But ,in my opinion, the best source possible for accurate information on weight,area, angle of attack for light sailboats is to measure and watch windsurfers sailing-you can learn an immense amount very quickly.

 

Froude Number > 2.3

Don't challenge me on any of this.

I run a crude spreadsheet that I think of as a VPP for dummies. For example, it uses Gerr's speed:length ratio to predict hull speed. This allows me to see (at 4 decimal places) the speed increase expected from making the boat 1 pound lighter. Cool !

But somewhere down the sheet is a note that the Froude Number, Fn, must be greater than 2.3 for a planing hull. Then the spreadsheet calculates the minimum planing speed for the weight of my boat:

Minimum Planing Speed - Knots (Fn=2.3):

2.3 x ((32.2 x (all up displacement in pounds)^0.333)^0.5)/1.6889


For example, my 18' keelboat at 2,323.2 pounds (including crew) may plane at 13.902 knots.

The formula has no input for the shape of the hull. It just calculates the speed required to lift 2300 pounds. It also does not indicate how difficult it will be to get my hull to 13.9 knots. However, in my ignorance, I believe it may be somewhat representative. If the boat was surfing down a wave at 13.9 knots, it may very well be planing.

Is it not true that any hull can plane given enough speed or horsepower?

 

That formula takes nothing into account for the angle of attack and the surface geometry? Both of these have a large impact of the lift generated, I do not see how this is possibly accurate. Does it presumes a "typical" hull geometry and angle of attack? How else can it work?

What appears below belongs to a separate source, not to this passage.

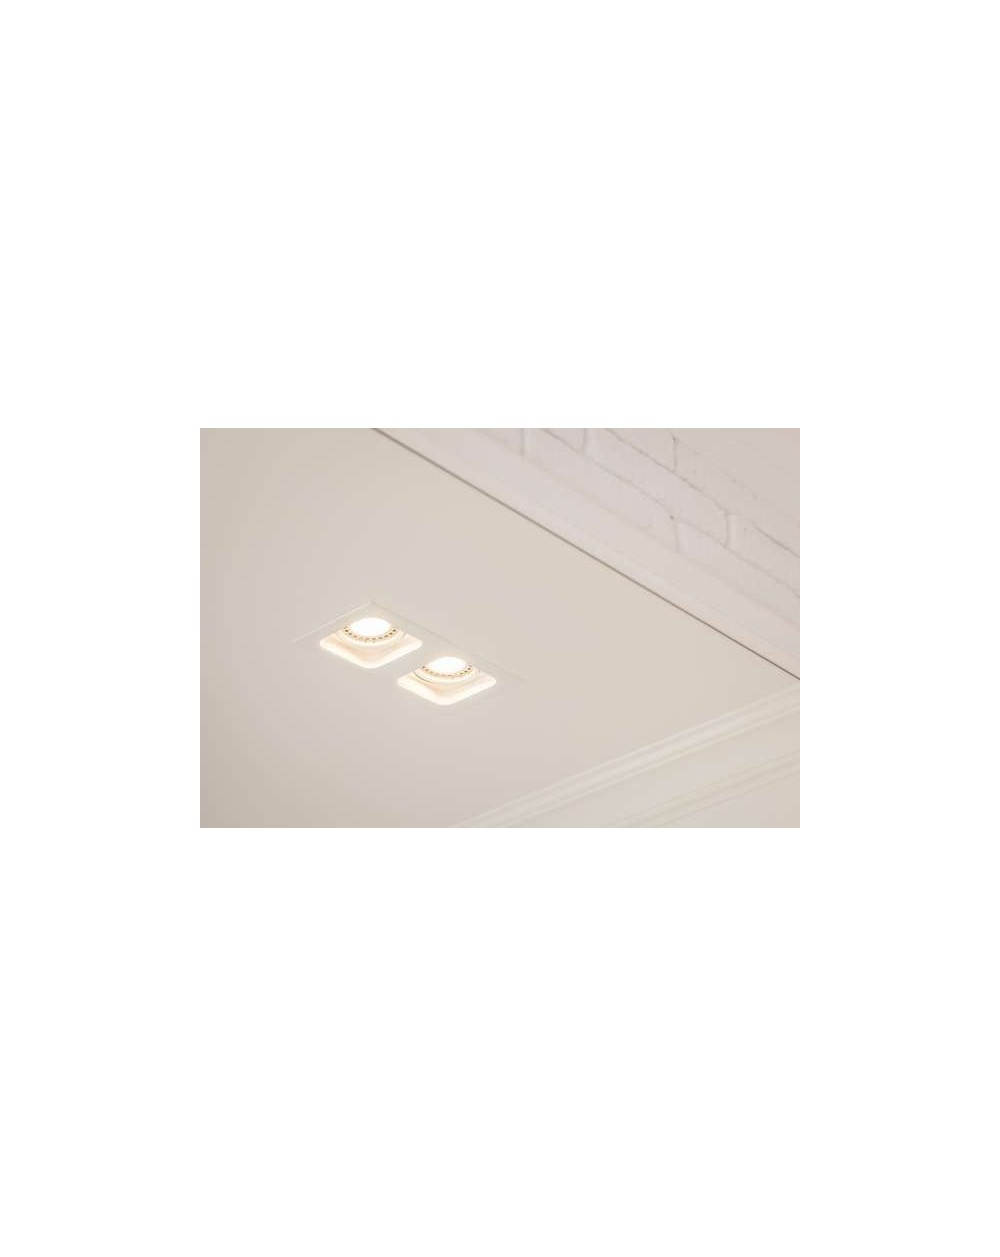 Lampa sufitowa DOUBLE miniQuad MR16 WP - Mistic Lighting oprawa wpuszczana prostokątna downlight do zabudowy w sufitach biała
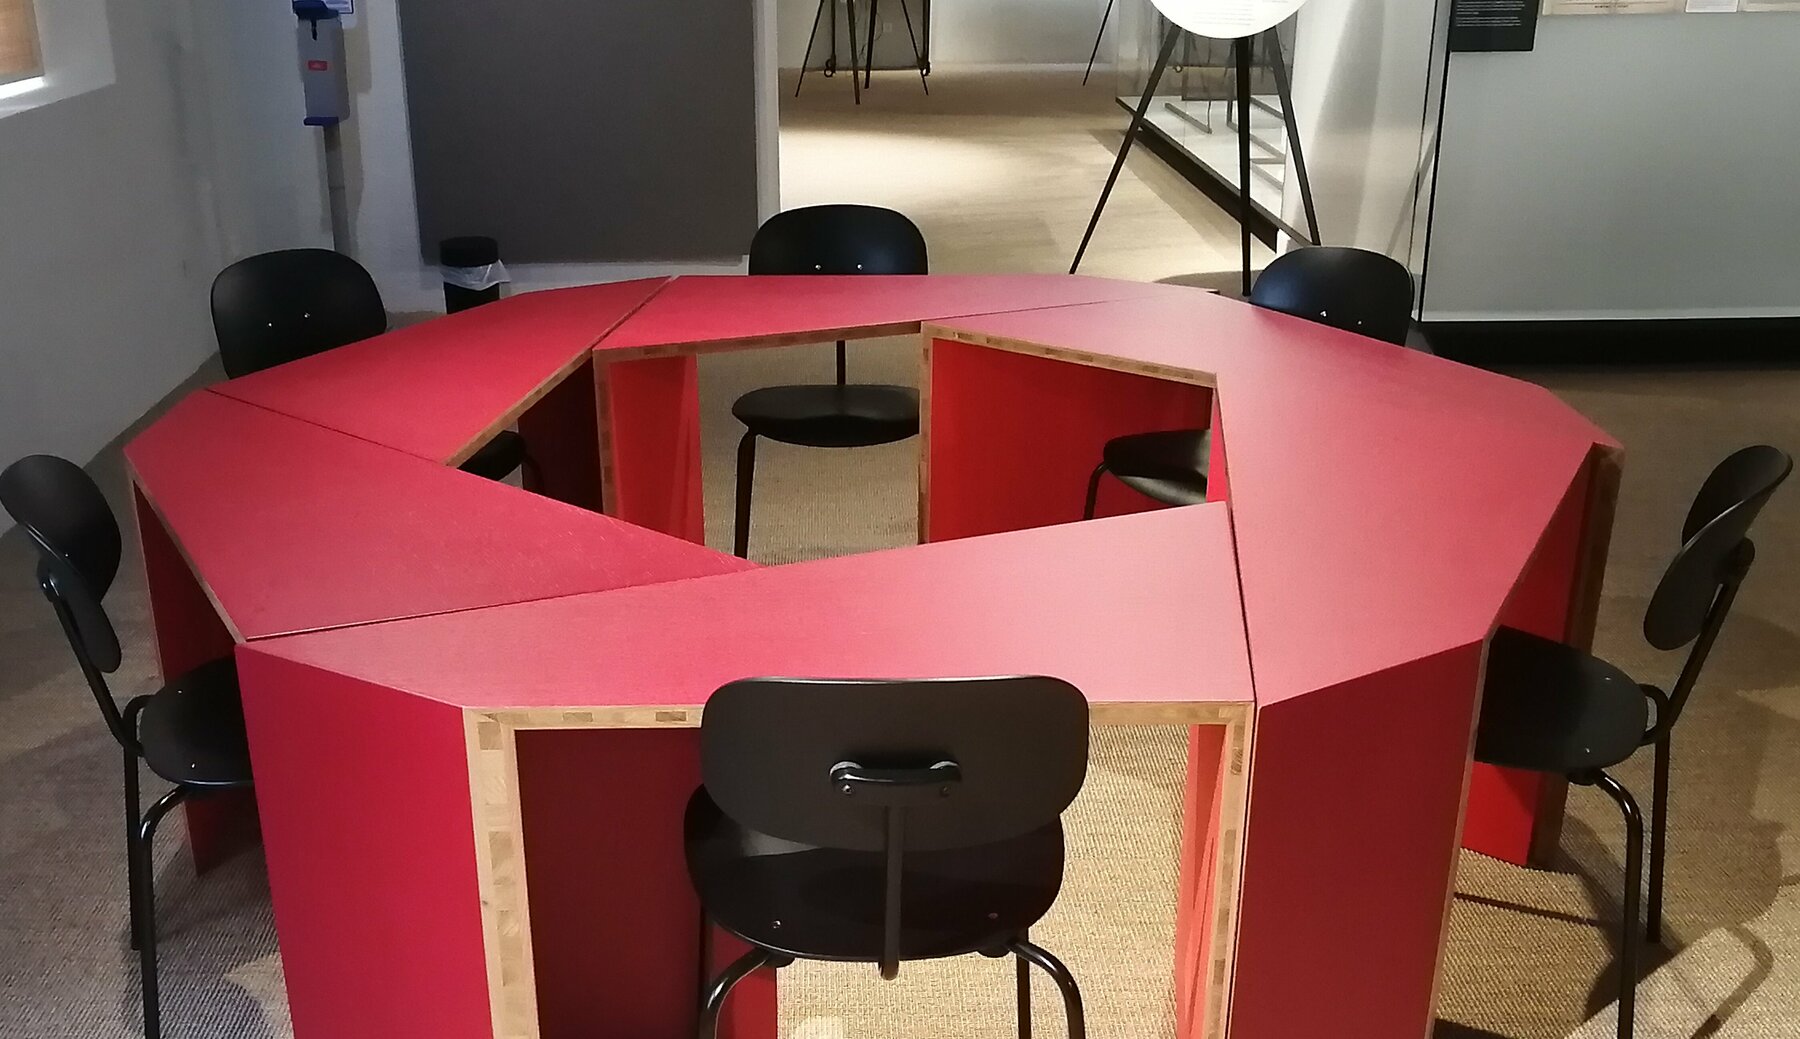 Das sogenannte Mitsprechzimmer im Volkskundemuseum: rote Tischelemente in einem Raum, die von Besucherinnen umgestellt und zum Austausch benutzt werden können

The angle of attack determines the amount of acceleration of the water, which determines the lift. Consider the basic force equation F=Ma. Force (or lift) is directly related to the amount of mass (in this case the mass flow rate, or speed of the hull over the water) multiplied by the acceleration of the mass (which is directly related to the angle of attack of the planing surface relative to the water flow direction). how can you reduce planing speed down to where there is no angle of attack and have it accurate?

 

Hell, I don't even know what a Froude number is . . .

But if the boat had one and it was 2.3 or greater, it may plane at 13.902 knots (if the angle of attack and the hull geometry were right).

 

"I know about the idea that cats can not plane, there are actually some pretty old threads on this forum about that, but it is false. Float equipped light airplanes are catamaran-like hulls and they have to plan or they will not get off the water. Some of these aircraft are pretty low power as well, there are many ultralights with 40 to 60 hp that have float options. If the floats did not plane they would never reach take-off speed."

Are you sure, and is the comparison a perfect one?

Imagine say a displacement hull like a rowing shell, or a pair of deep-hull racing surf skis (sit on top kayaks). Fit it with 40 to 60hp and some aerodynamic lift. Surely it would go fast enough to achieve "planing" speed even without planing, because the power is very high for such a small craft and the wavemaking and skin drags are so low. After all, a racing surf ski in the surf drops down the face of a wave which is moving at (IIRC) 17-20+ knots, and that's just on gravity power. A racing kayak does 9 knots over the mile IIRC and that's with the power on only one person....add another 50hp and surely the speed would increase quite nicely??????

The early creators of seaplanes have great difficulty in "unsticking" until canoe and yacht designers like Linton Hope etc did their hull designs. But isn't it to be expected that a shape designed to work with lift from wings and 40-60hp is very different from a shape that will perform better with no aero lift and much less power, and therefore comparisons between the two could be fraught with danger? After all, the top hulls in the 50hp outboard racing class are very different from the top hulls in the A Class cats.

You can create a planing cat - I've sailed a stepped hull one. It was a complete dog of a thing in every way and despite certainly planing, it was slower in all conditions than a conventional cat because the planing shape was so much higher in other forms of drag. The world's best A Class cats and top-class F18s show little or no sign of true planing behaviour.

 

Petros, on the same hull - if it is a planing hull, a small outboard for instance has a much slower minimum planing speed than the same hull with a large motor on. I think the problem is that there are so many different hull types and shapes, each with a different characteristic that it is difficult to put a specific rule up. Even something simple like weight distribution in a boat makes a big difference in the power required to get it to plane. Of course brute force can get anything to plane but is not always practical.

The hull's designed for sailers are very different from planing power boat hulls. Having a motorized sailer is a compromise to which one is the priority, sail or power - it seems the planing hull shape is compromized the most since a planing hull won't sail so well, while a sailing hull can still be motor driven.